さらに15代目の実氏が力を注いできたのがBtoCへの展開だ。自分でも味噌を作ってみたいという知り合いからの声に応え10年ほど前から手作り味噌教室を始めたが、これを年中開けば、冬季に需要が偏っている糀を年中ならして売れるのではないかとも考えた。

併せて、工場の横に直営店をオープンし、自社で製造した糀、味噌、醤油を販売する一方、近隣の昆布メーカー、チーズメーカーと糀を合わせただしやディップなどのコラボ商品も増やした。
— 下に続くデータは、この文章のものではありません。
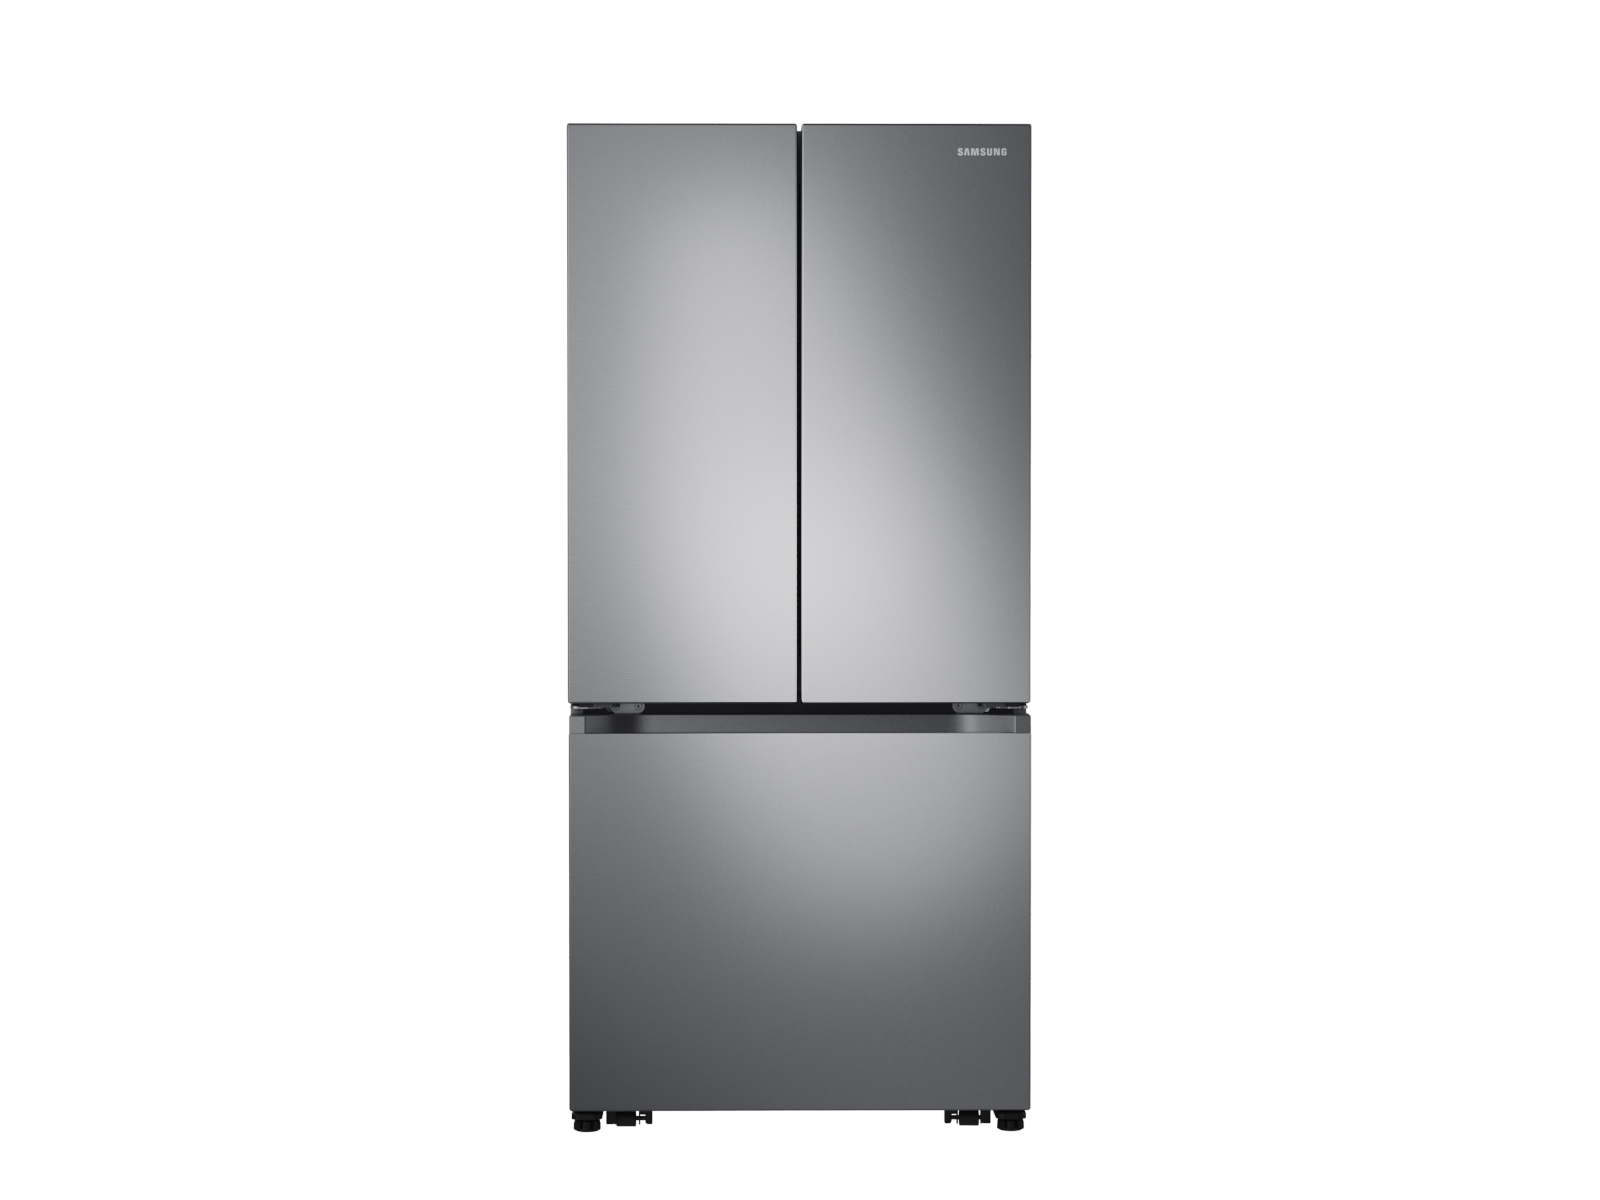 Samsung Fridge Doors uneven : r/refrigerator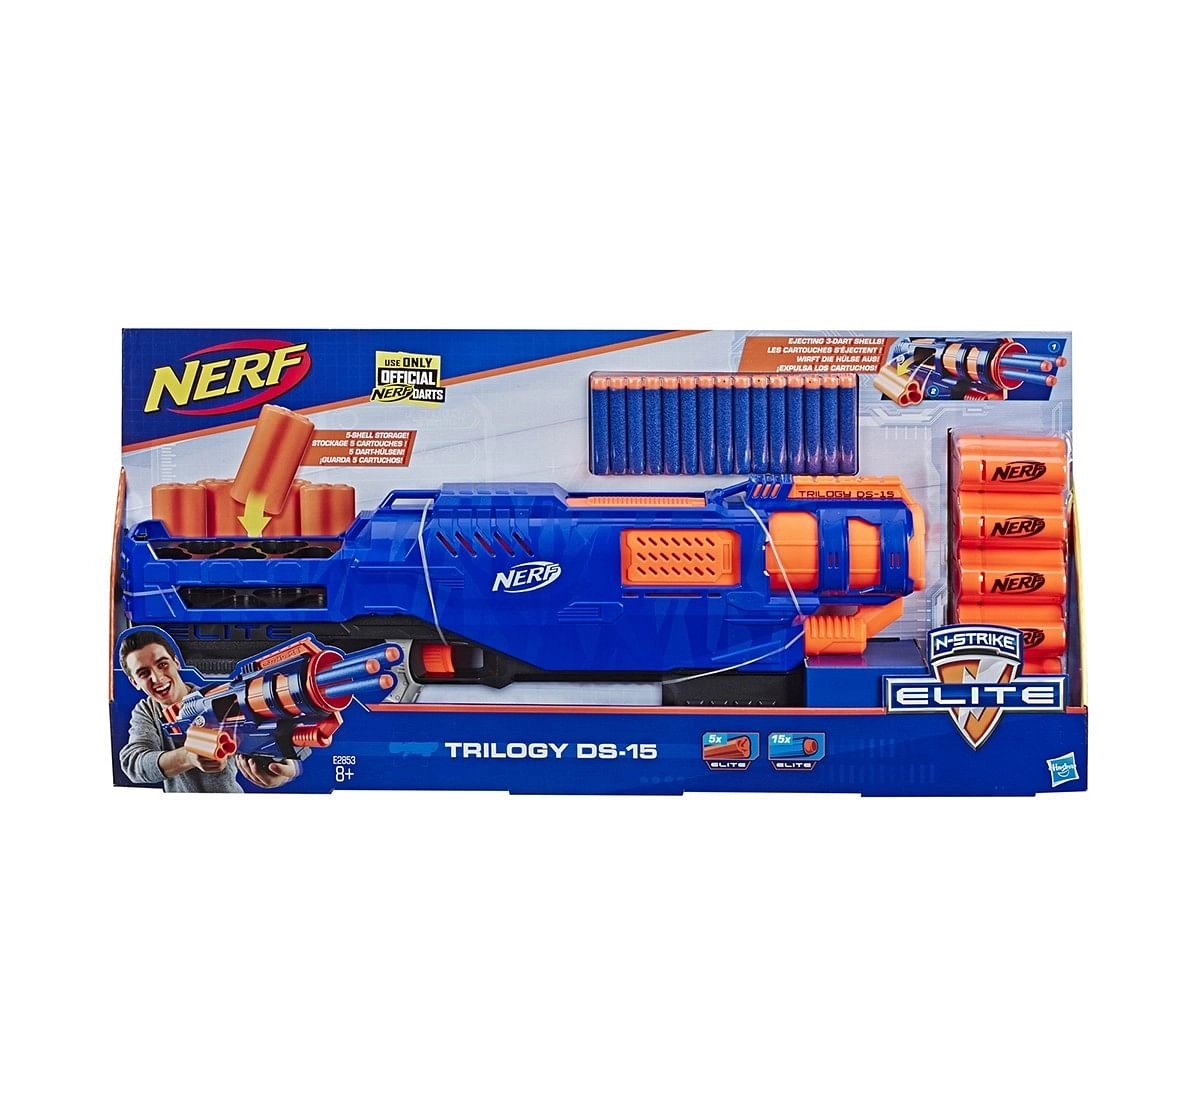 Nerf N-Strike Elite Toy Blaster Trilogy Blasters for Kids age 8Y+

その後、塩糀ブームが起こった際には、塩糀を使って家でどんな料理を作ればよいのかわからないという客からの声に応え、自社製の塩糀を使った料理や甘酒を使ったデザートなどを提供するカフェを隣接地に開いた。

近隣にできた無印良品の施設内に出店したのを契機に同社との共同開発も行っており、地域の農作物と組み合わせた商品も販売している。

糀づくりの技術を代々引き継ぎながら糀をベースにした新たな取り組みにチャレンジを続ける16代目の常務・宣広氏は、「戦災で昔の資料が焼失してしまったこともあり、333年という歴史の重みをそれほど意識せずにいられることが逆に何でもやってやろうという気持ちにつながっているのかもしれない」と話す。

年内にはカンボジアに糀を製造するパイロット工場が完成する予定だ。軌道に乗れば、発酵食への関心が高い欧州へ輸出することも考えており、実氏が温めてきた「日本の糀文化を世界に」という構想もいよいよ現実化しつつある。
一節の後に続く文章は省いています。